> [Exercise directions]: The copy must match the data word for word and contain no pictures.

> [Data extract]:
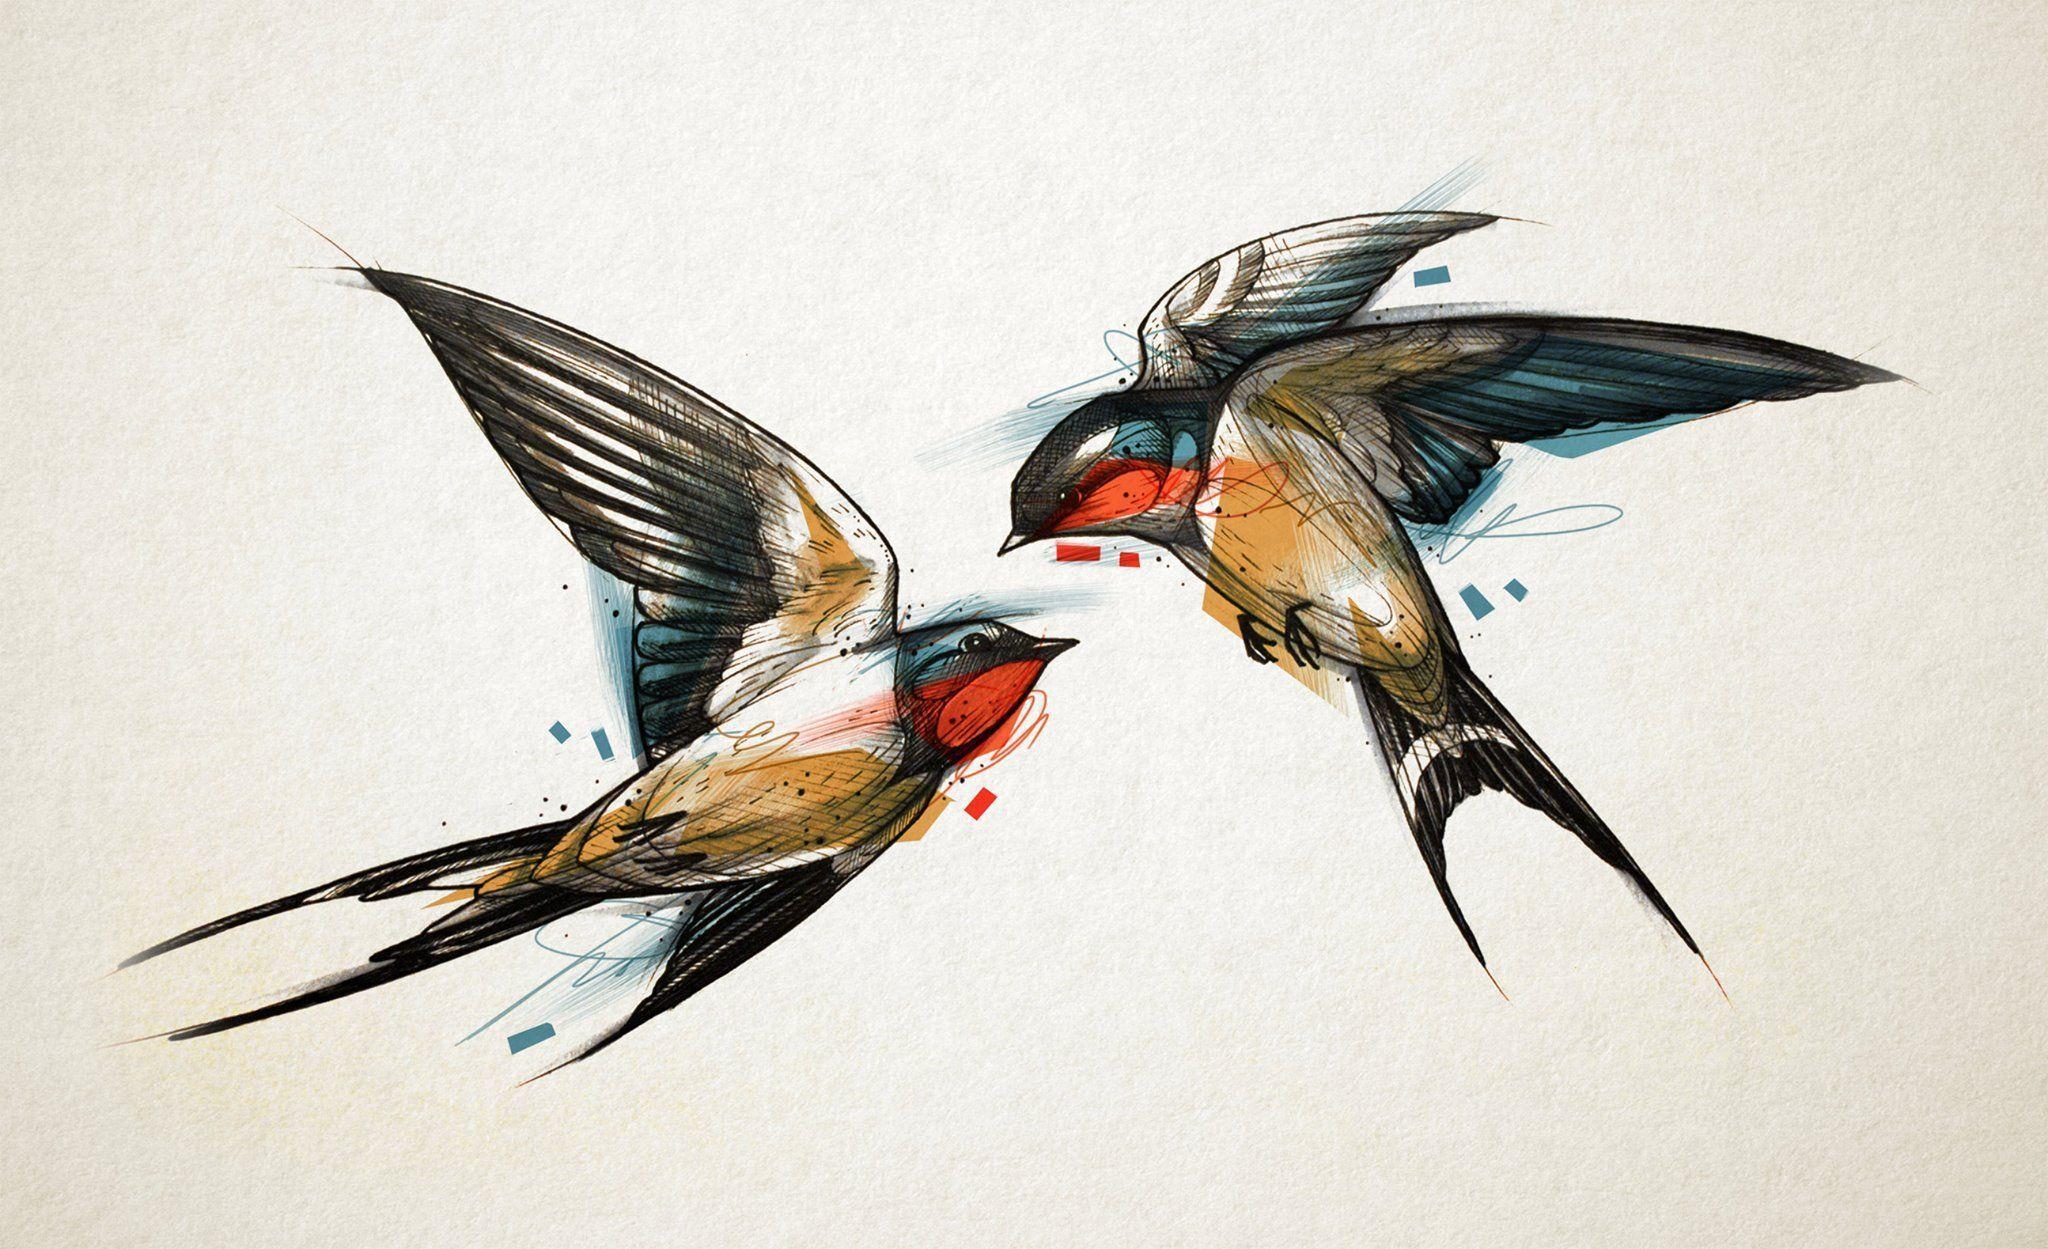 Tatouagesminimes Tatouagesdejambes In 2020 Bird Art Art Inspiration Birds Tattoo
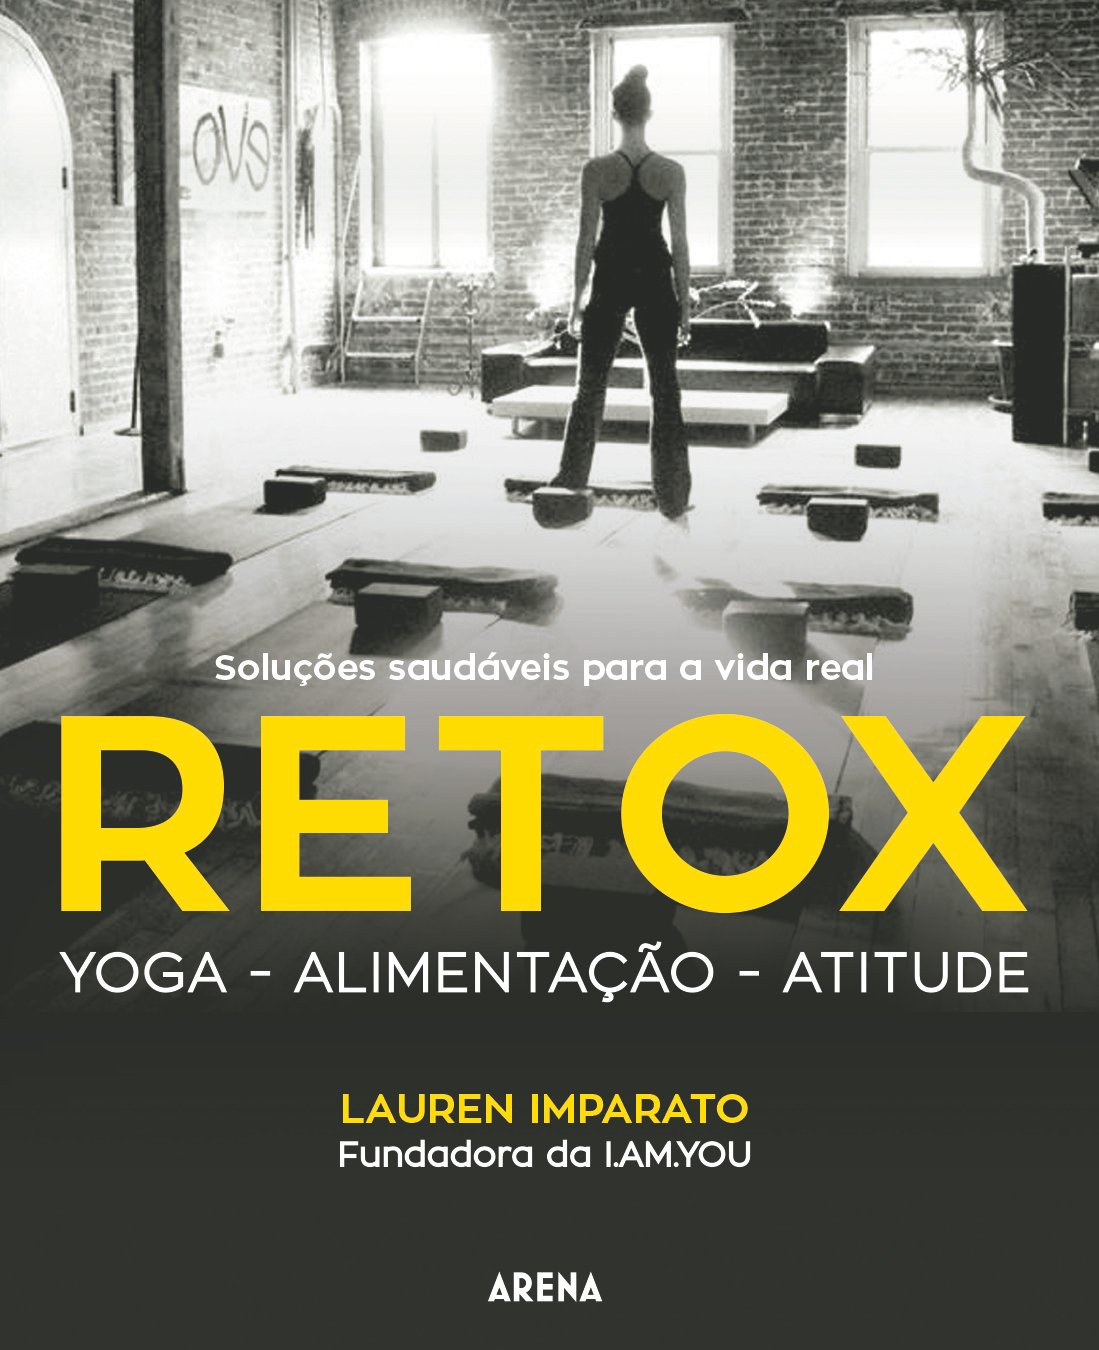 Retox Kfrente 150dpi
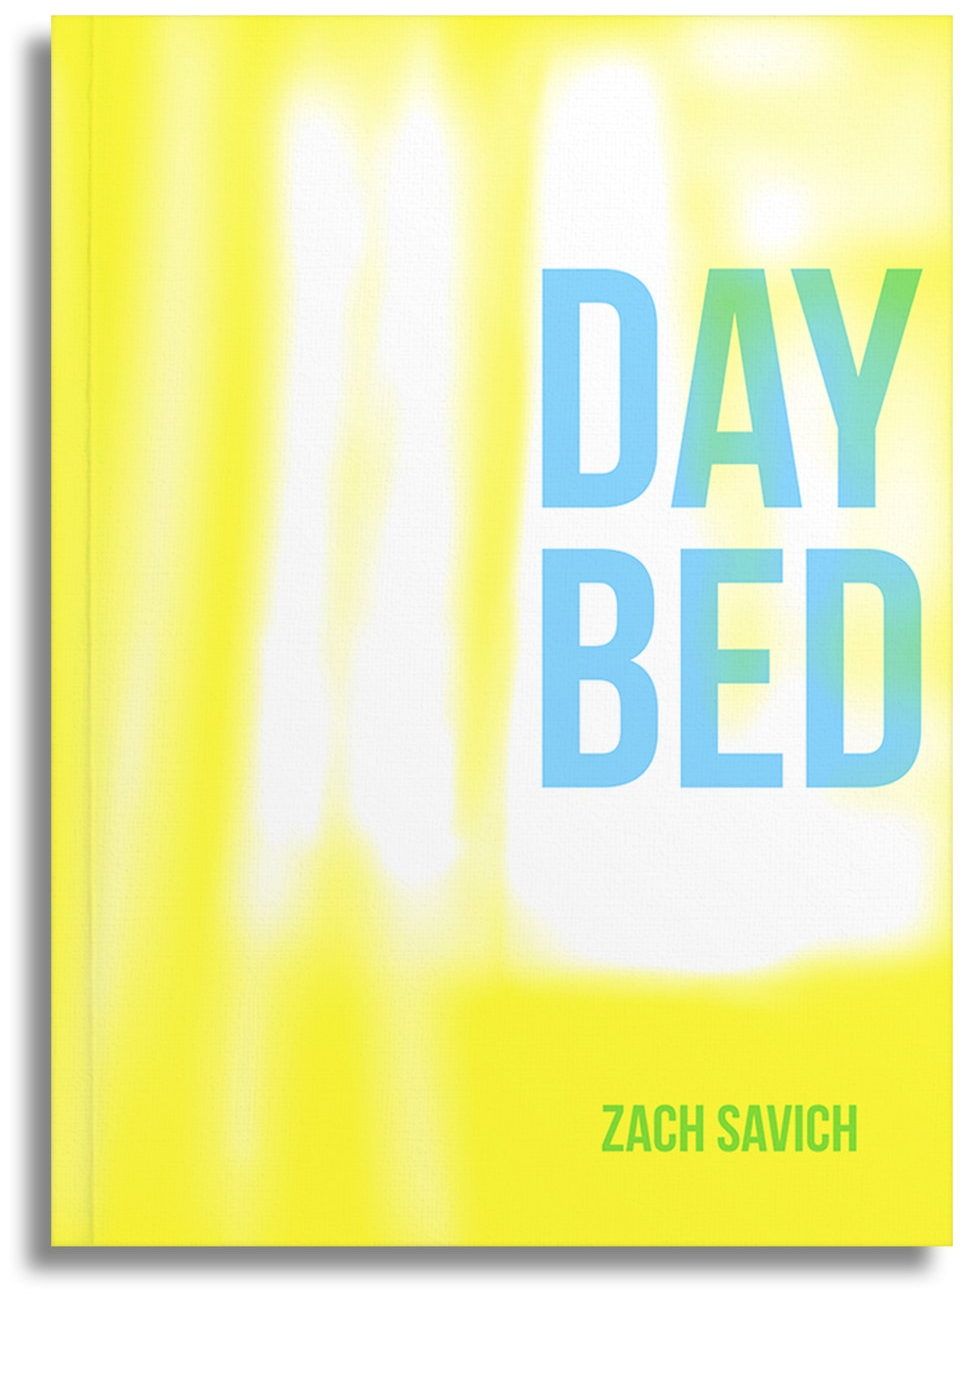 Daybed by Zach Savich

> [Answer to the problem]:
 Tatouagesminimes Tatouagesdejambes In 2020 Bird Art Art Inspiration Birds Tattoo
 Retox Kfrente 150dpi
 Daybed by Zach Savich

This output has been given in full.